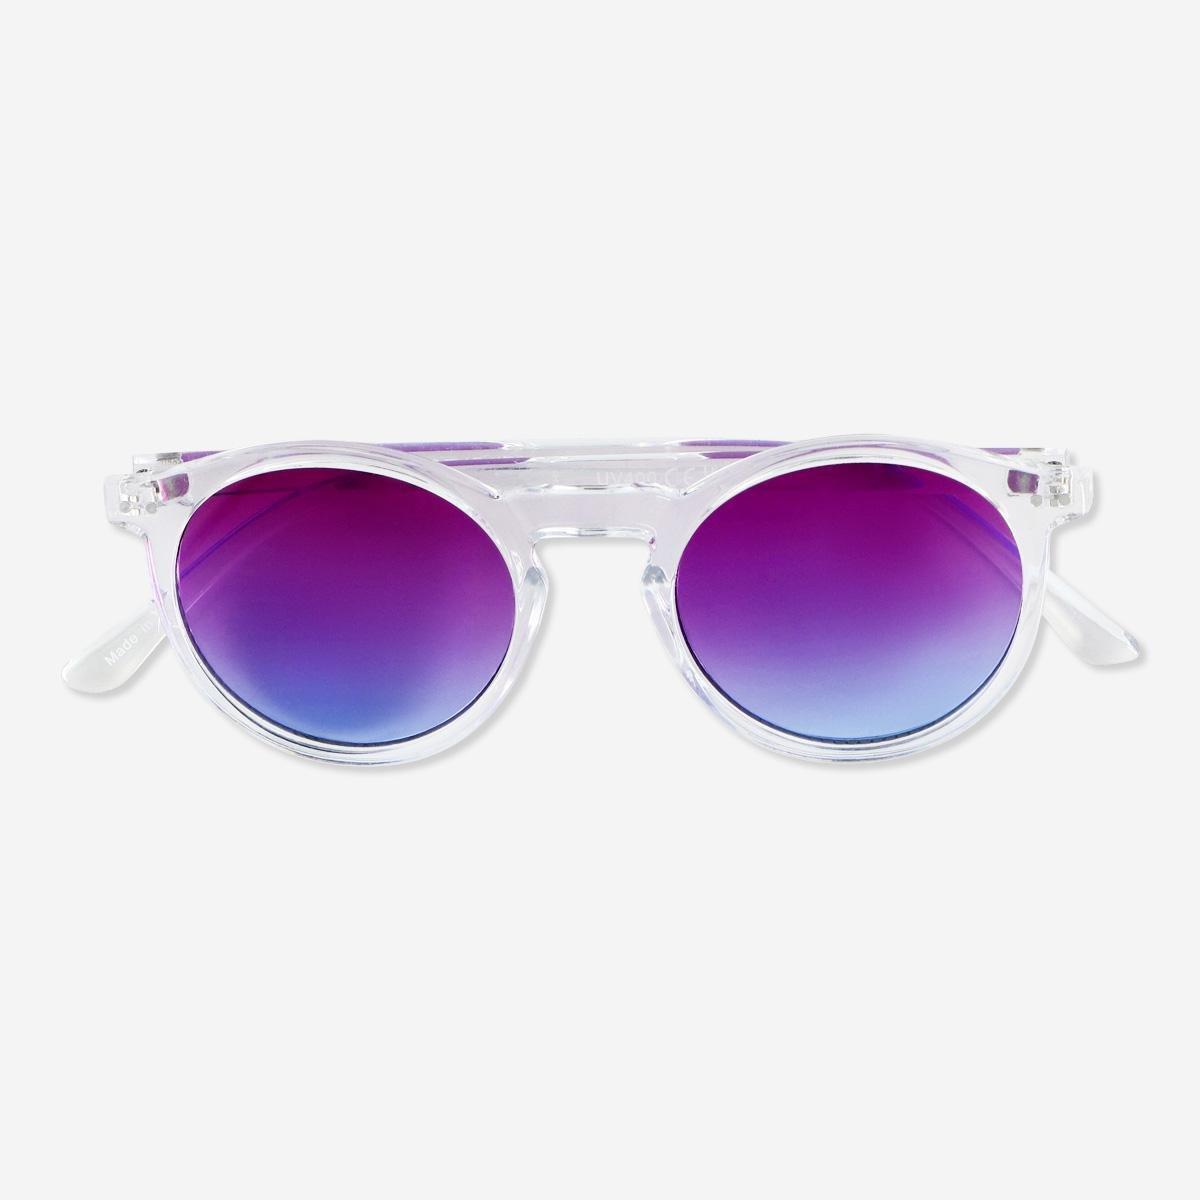 Multicolour round sunglasses
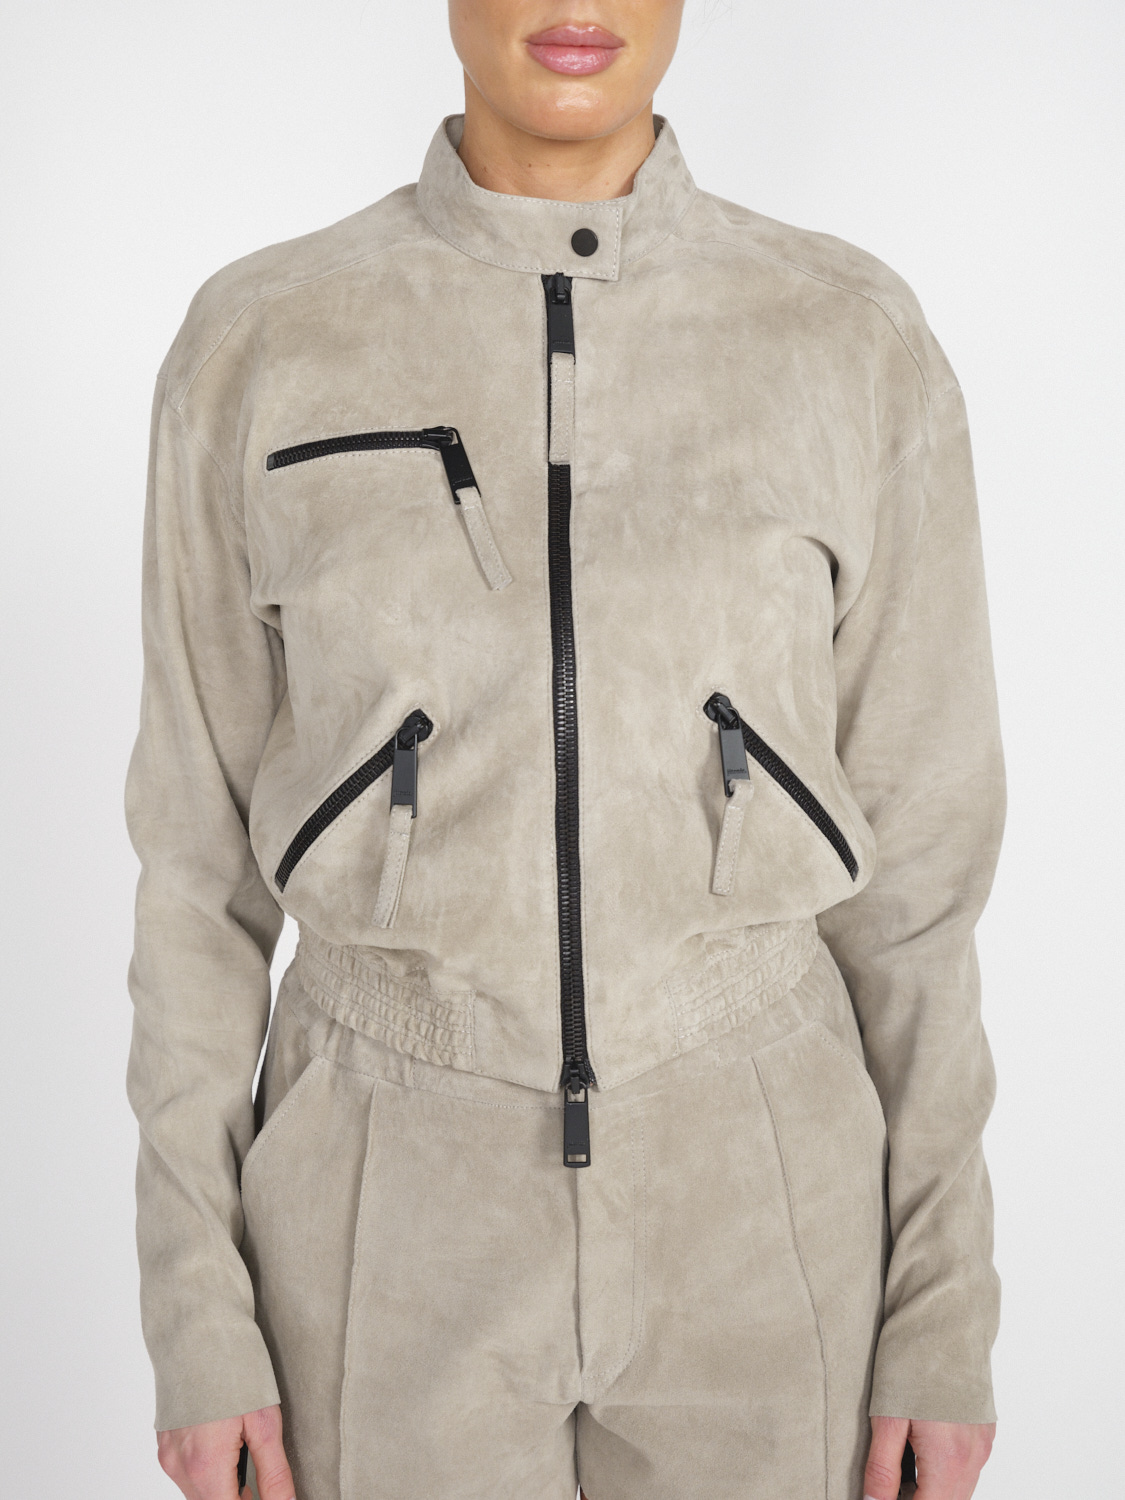 Blof – Stretchige Veloursleder-Jacke mit schwarzen Zippern 
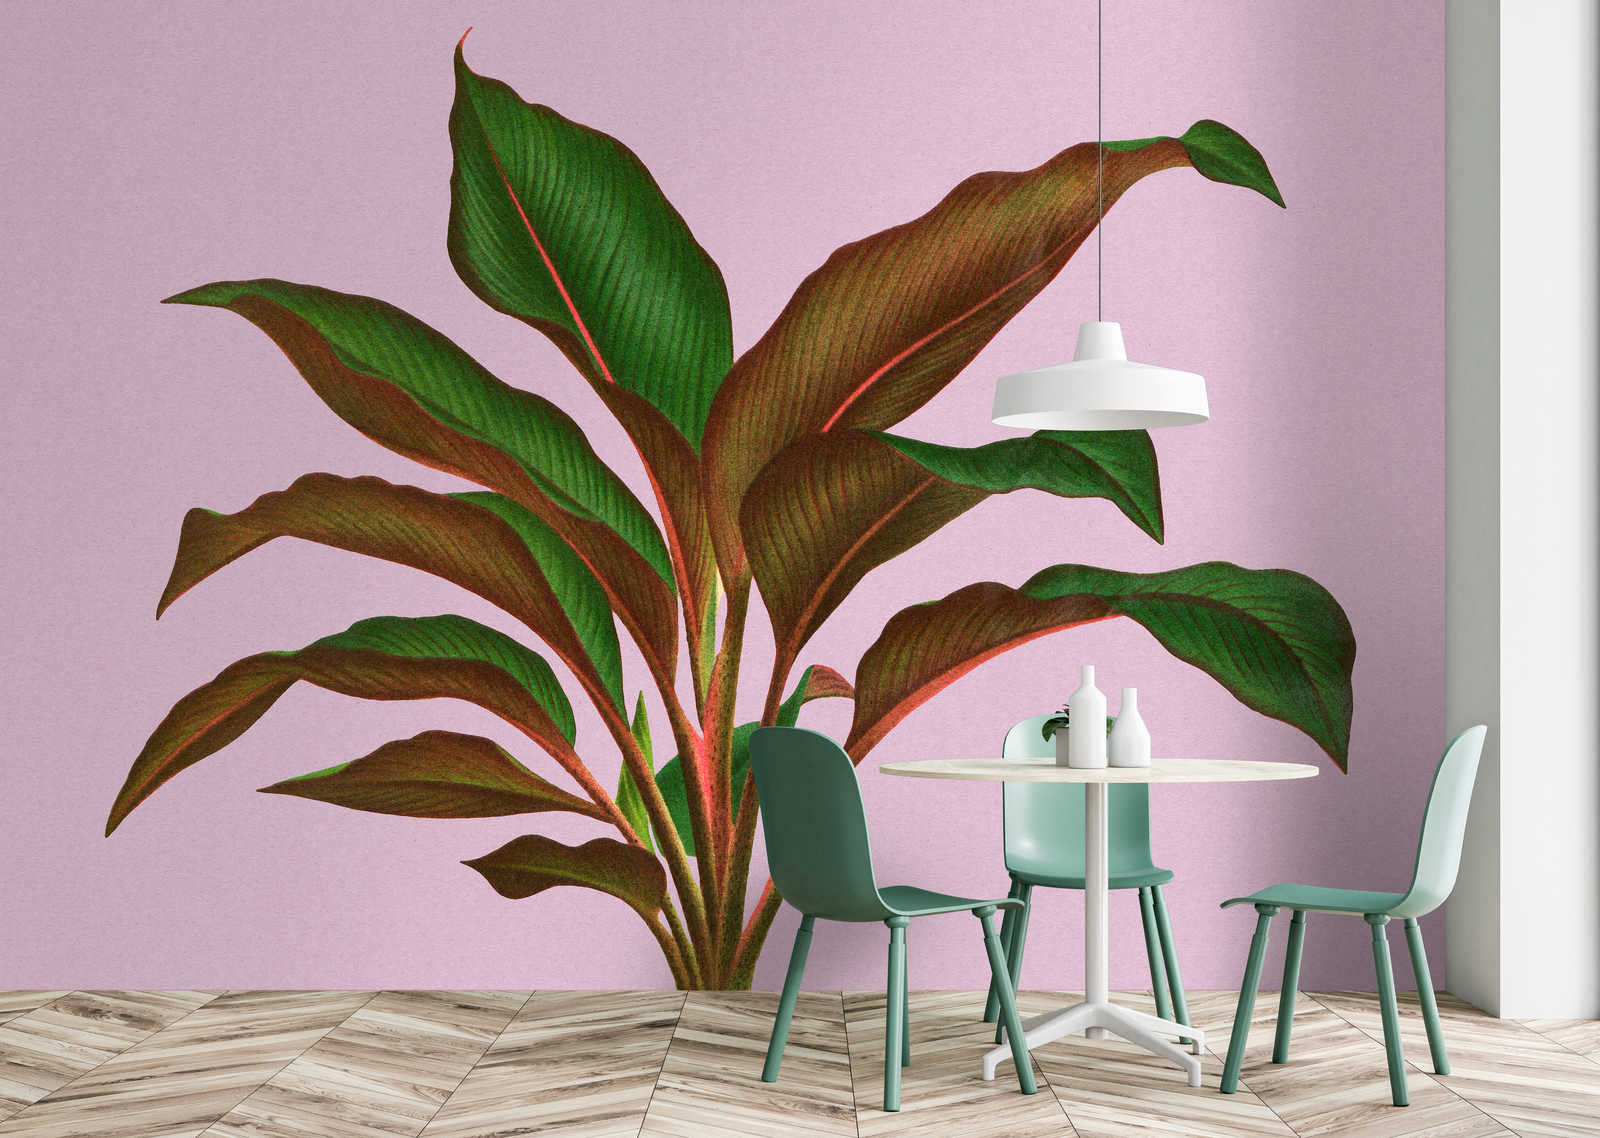             Leaf Garden 3 - leaves mural pink with tropical fern leaf

◆ ◆ ◆

# TASK GOAL
Please restate the data word for word, leaving out any picture it holds.

# REPLY
 Multicolour round sunglasses
 Blof – Stretchige Veloursleder-Jacke mit schwarzen Zippern 
             Leaf Garden 3 - leaves mural pink with tropical fern leaf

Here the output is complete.